I have several images and after some basic processing and contour detection I want to store the detected pixels locations and their adjacent neighbours values into a Python Data Structure.我有几张图像，经过一些基本处理和轮廓检测后，我想将检测到的像素位置及其相邻的邻居值存储到 Python 数据结构中。 I settled for numpy.array我选择了numpy.array

The pixel locations from each Image are retrieved using:使用以下方法检索每个图像的像素位置：

locationsPx = cv2.findNonZero(SomeBWImage)

which will return an array of the shape (NumberOfPixels,1L,2L) with :这将返回一个形状数组 (NumberOfPixels,1L,2L)，其中：

print(locationsPx[0]) : array([[1649,    4]])

for example.例如。

My question is: is it possible to store this double array on a single column in another array?我的问题是：是否可以将这个双数组存储在另一个数组的单列上？ Or should I use a list and drop the array all together?或者我应该使用列表并将数组放在一起吗？

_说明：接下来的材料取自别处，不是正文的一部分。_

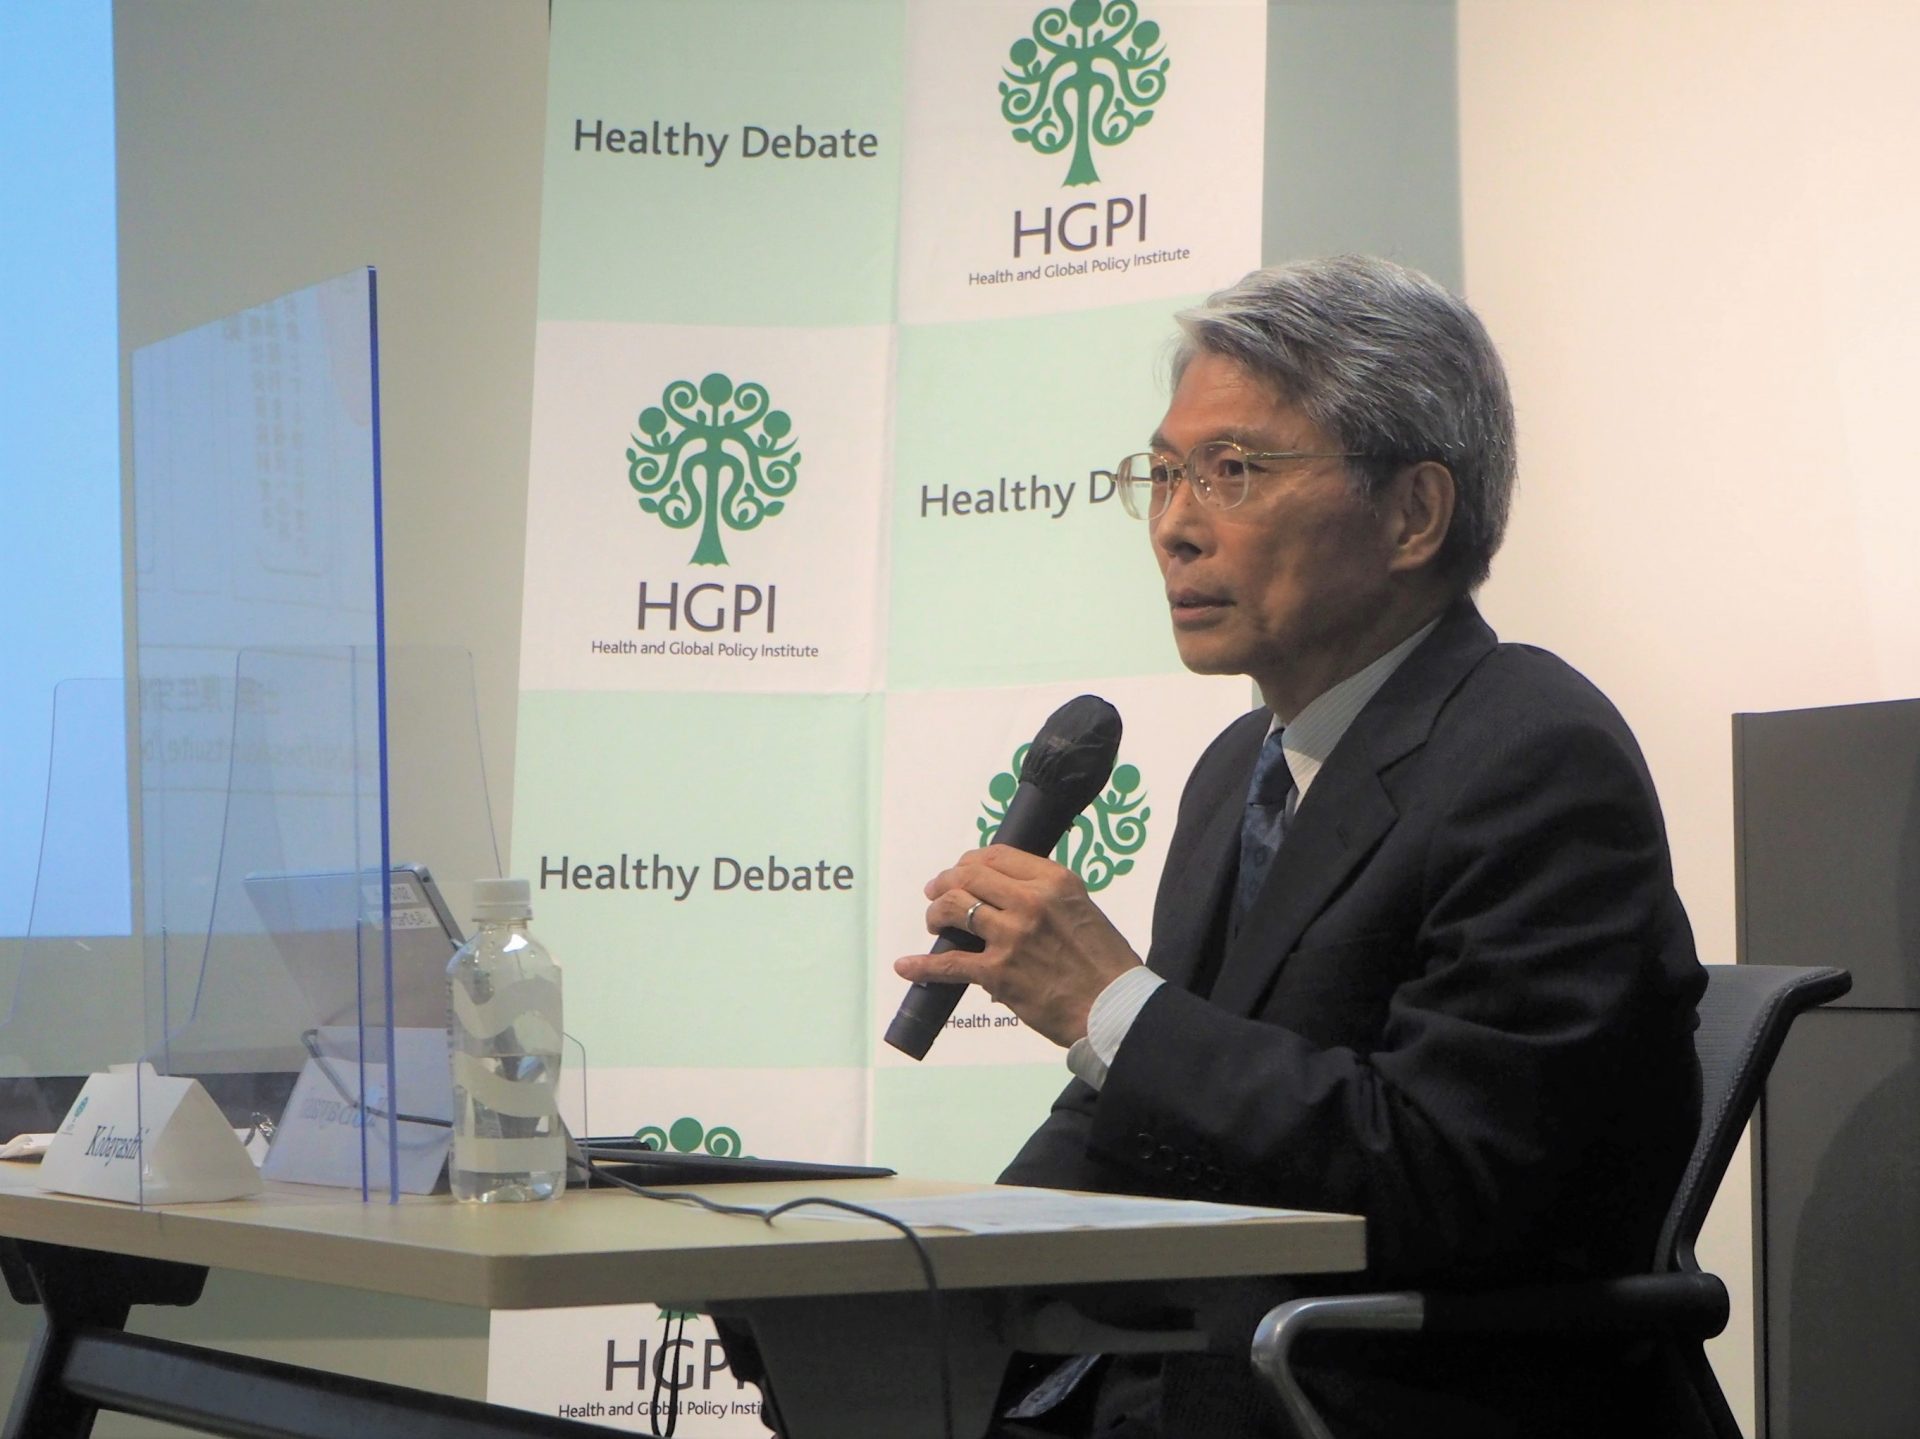 [Event Report] The 11th Semester of Health Policy Academy, Lecture 2 – The history of Health Policy / Health Insurance System (June 23, 2022)

note: the dataset of images might increase so the dimensions of my chose data structure will not be only huge, but also variable注意：图像数据集可能会增加，所以我选择的数据结构的维度不仅会很大，而且还会变化

EDIT: or maybe numpy.array is not good idea and Pandas Dataframe is better suited?编辑：或者 numpy.array 不是个好主意而 Pandas Dataframe 更适合？ I am open to suggestion from those who have more experience in this.我愿意听取那些在这方面有更多经验的人的建议。

Answer 1

Numpy arrays are great for computation. Numpy 数组非常适合计算。 They are not great for storing data if the size of the data keeps changing.如果数据的大小不断变化，它们就不太适合存储数据。 As ali_m pointed out, all forms of array concatenation in numpy are inherently slow.正如 ali_m 指出的那样，numpy 中所有形式的数组连接本质上都很慢。 Better to store the arrays in a plain-old python list:最好将数组存储在一个普通的 Python 列表中：

coordlist = []
coordlist.append(locationsPx[0])

Alternatively, if your images have names, it might be attractive to use a dict with the image names as keys:或者，如果您的图像有名称，则使用以图像名称作为键的dict可能很有吸引力：

coorddict = {}
coorddict[image_name] = locationsPx[0]

Either way, you can readily iterate over the contents of the list:无论哪种方式，您都可以轻松地遍历列表的内容：

for coords in coordlist:

or或

for image_name, coords in coorddict.items():

And pickle is a convenient way to store your results in a file:而pickle是一种将结果存储在文件中的便捷方式：

import pickle
with open("filename.pkl", "wb") as f:
    pickle.dump(coordlist, f, pickle.HIGHEST_PROTOCOL)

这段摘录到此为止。